Mesmo quando todos os cuidados são respeitados, nem todas as enxertias pegam. A temperatura, a humidade, a compatibilidade e o estado do material vegetal influenciam o resultado. Ademais, a prática melhora a precisão dos cortes e aumenta progressivamente a taxa de sucesso.
Como reconhecer uma planta enxertada?
Em muitas plantas é possível observar uma mudança de espessura, textura ou direção do caule no ponto onde o garfo foi unido ao porta-enxerto.
Nas roseiras enxertadas, a união encontra-se geralmente junto à base. Nas árvores de fruto pode ser vista como uma ligeira curvatura ou saliência acima das raízes. Em algumas ornamentais de copa pendente, a zona da enxertia localiza-se no topo de um tronco direito.
Os rebentos que aparecem abaixo desse ponto pertencem ao porta-enxerto e não à variedade desejada. Devem ser removidos junto à origem, porque podem crescer com grande vigor e competir com a parte enxertada.
Uma técnica que preserva plantas e histórias
A enxertia acompanha a agricultura e a jardinagem há muitos séculos. Graças a esta técnica, foi possível conservar variedades de fruto, flores e formas ornamentais que não seriam reproduzidas fielmente por semente.
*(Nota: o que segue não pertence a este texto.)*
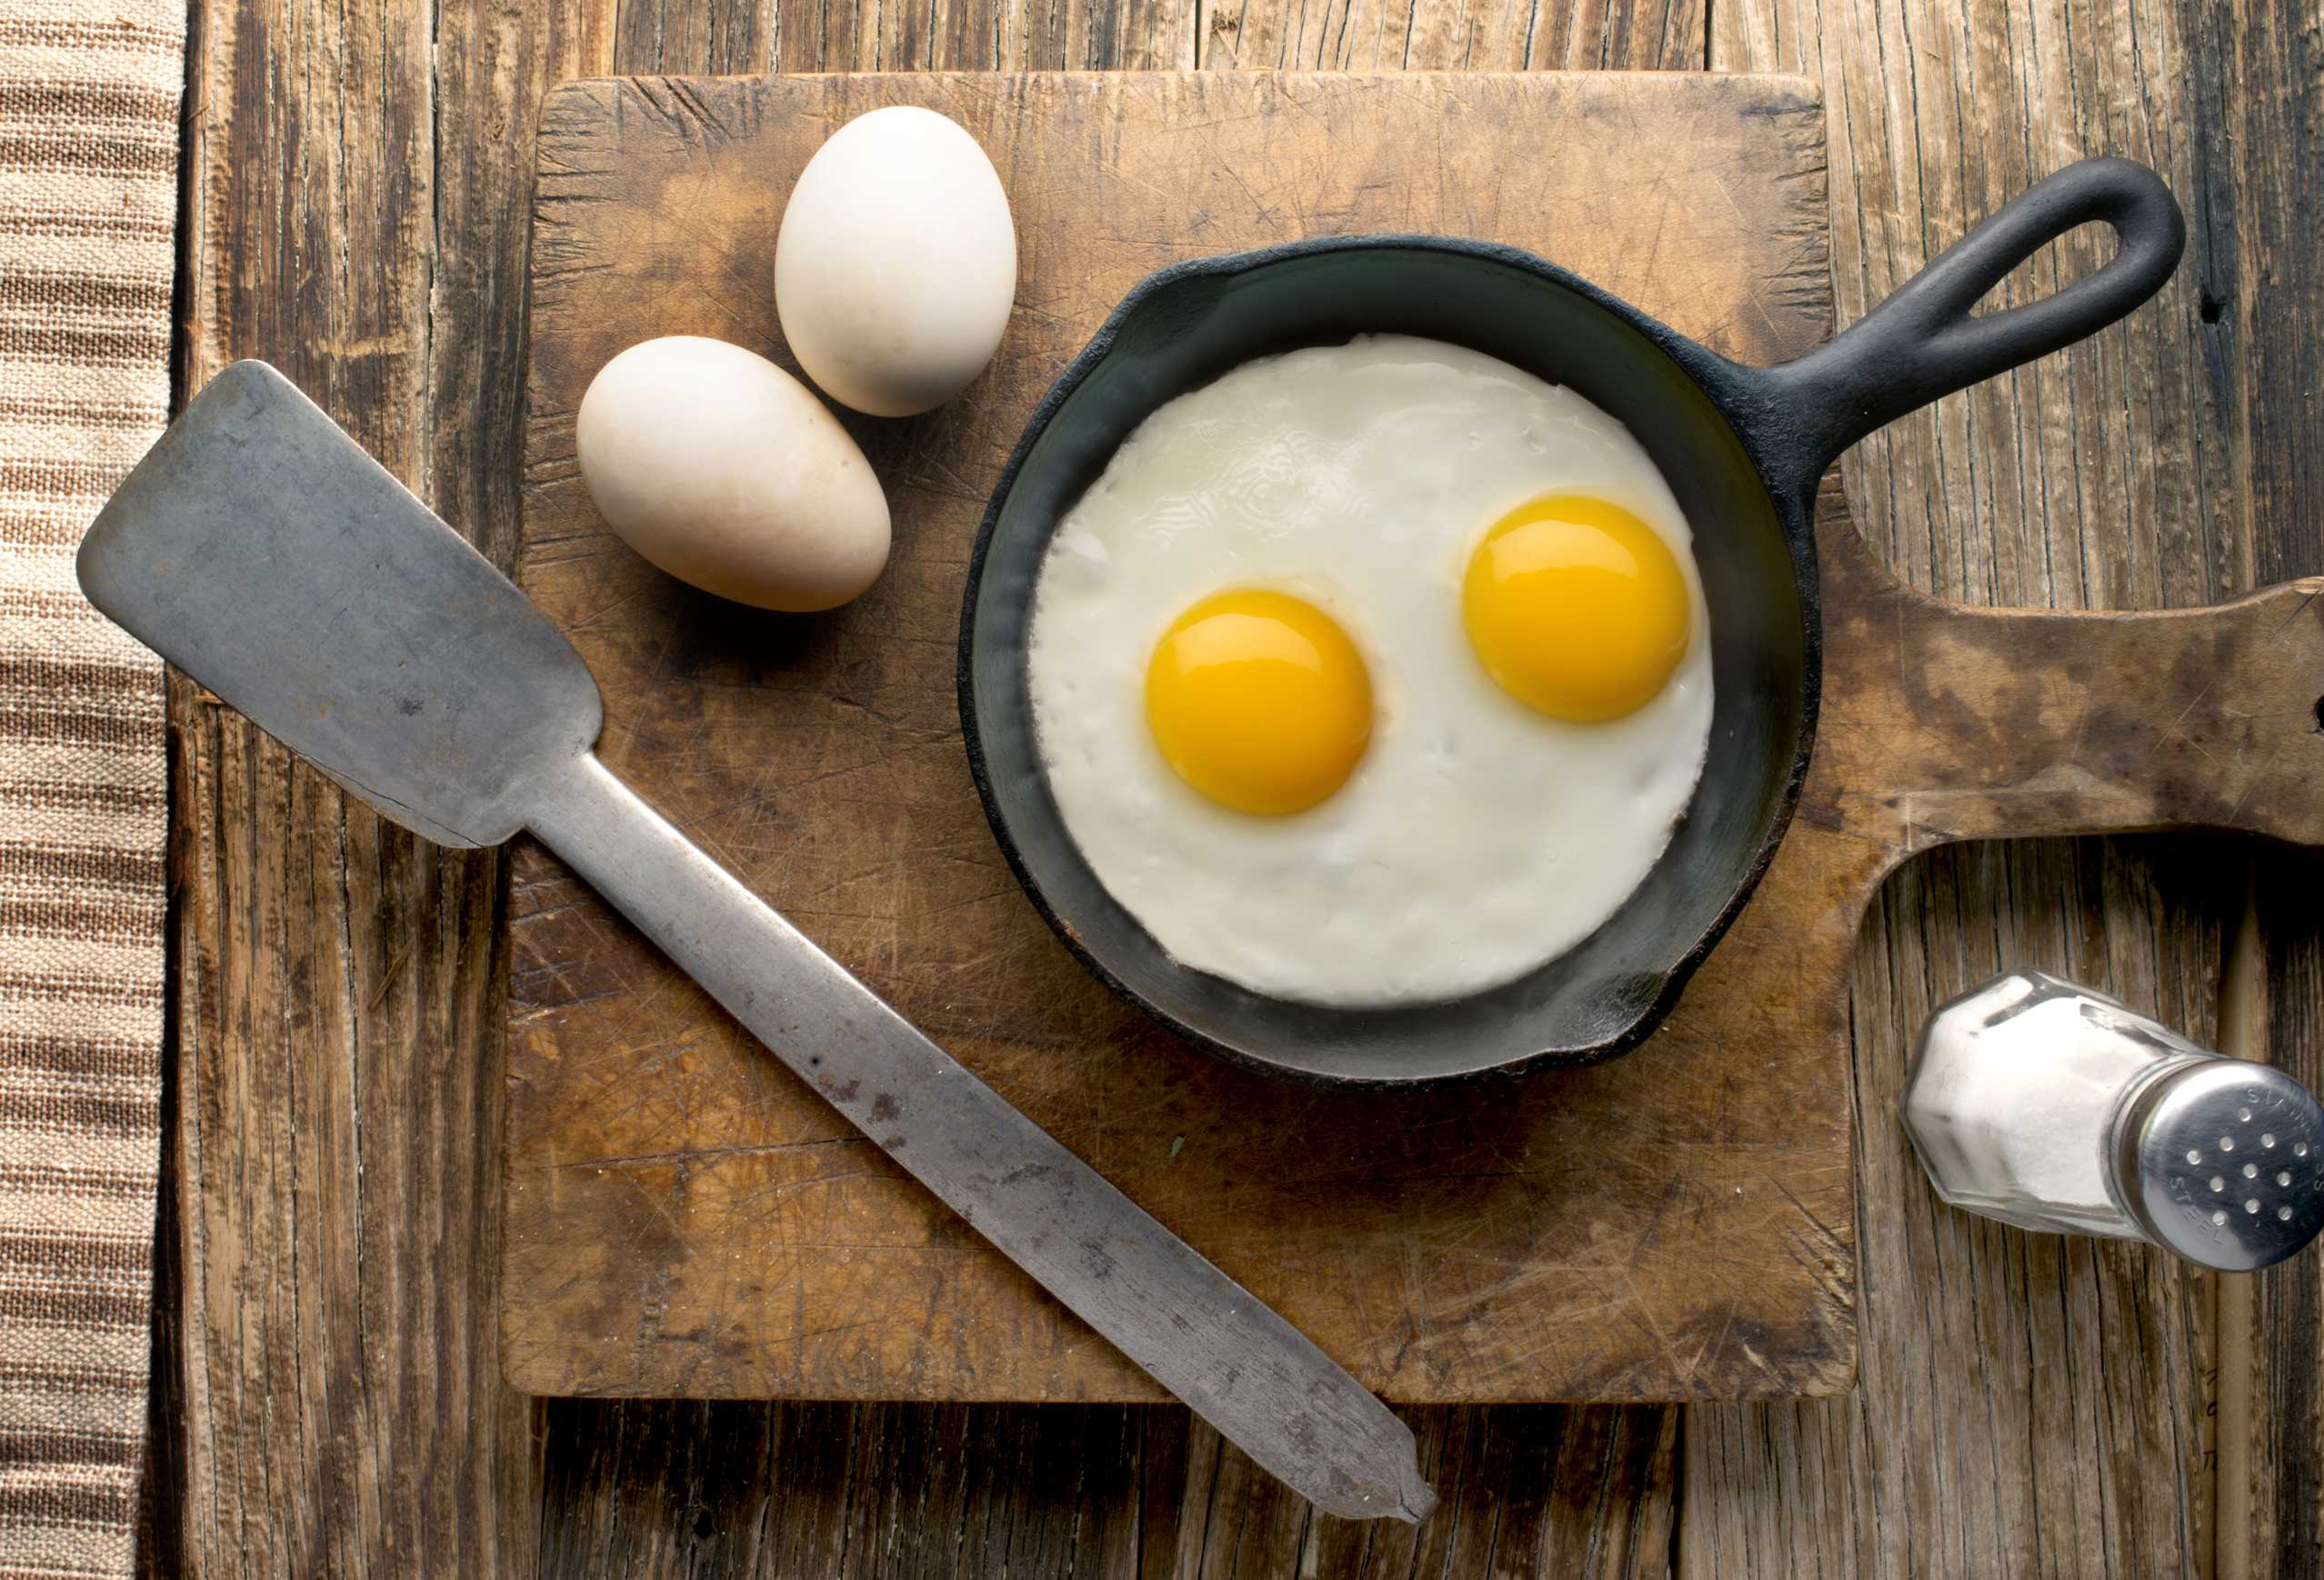 microsoft, manger des œufs augmentera-t-il vraiment le taux de cholestérol? un examen par des professionnels de la nutrition

Uma antiga macieira, uma camélia rara ou uma roseira especial podem continuar a existir em novas plantas, mantendo as características do exemplar original.
Mais do que aprender um grande número de métodos de uma só vez, importa compreender os princípios fundamentais desta técnica: escolher plantas compatíveis, respeitar a época adequada, fazer cortes precisos e proteger a união até que os tecidos cicatrizem.
A enxertia de borbulha e a enxertia de garfo são as duas grandes portas de entrada para esta técnica. A fenda inglesa e a enxertia de coroa mostram como o mesmo princípio pode ser adaptado a plantas, espessuras e objetivos diferentes.
De uma camélia rara a uma antiga árvore de fruto, esta técnica permite multiplicar uma variedade sem perder as características que a tornam única.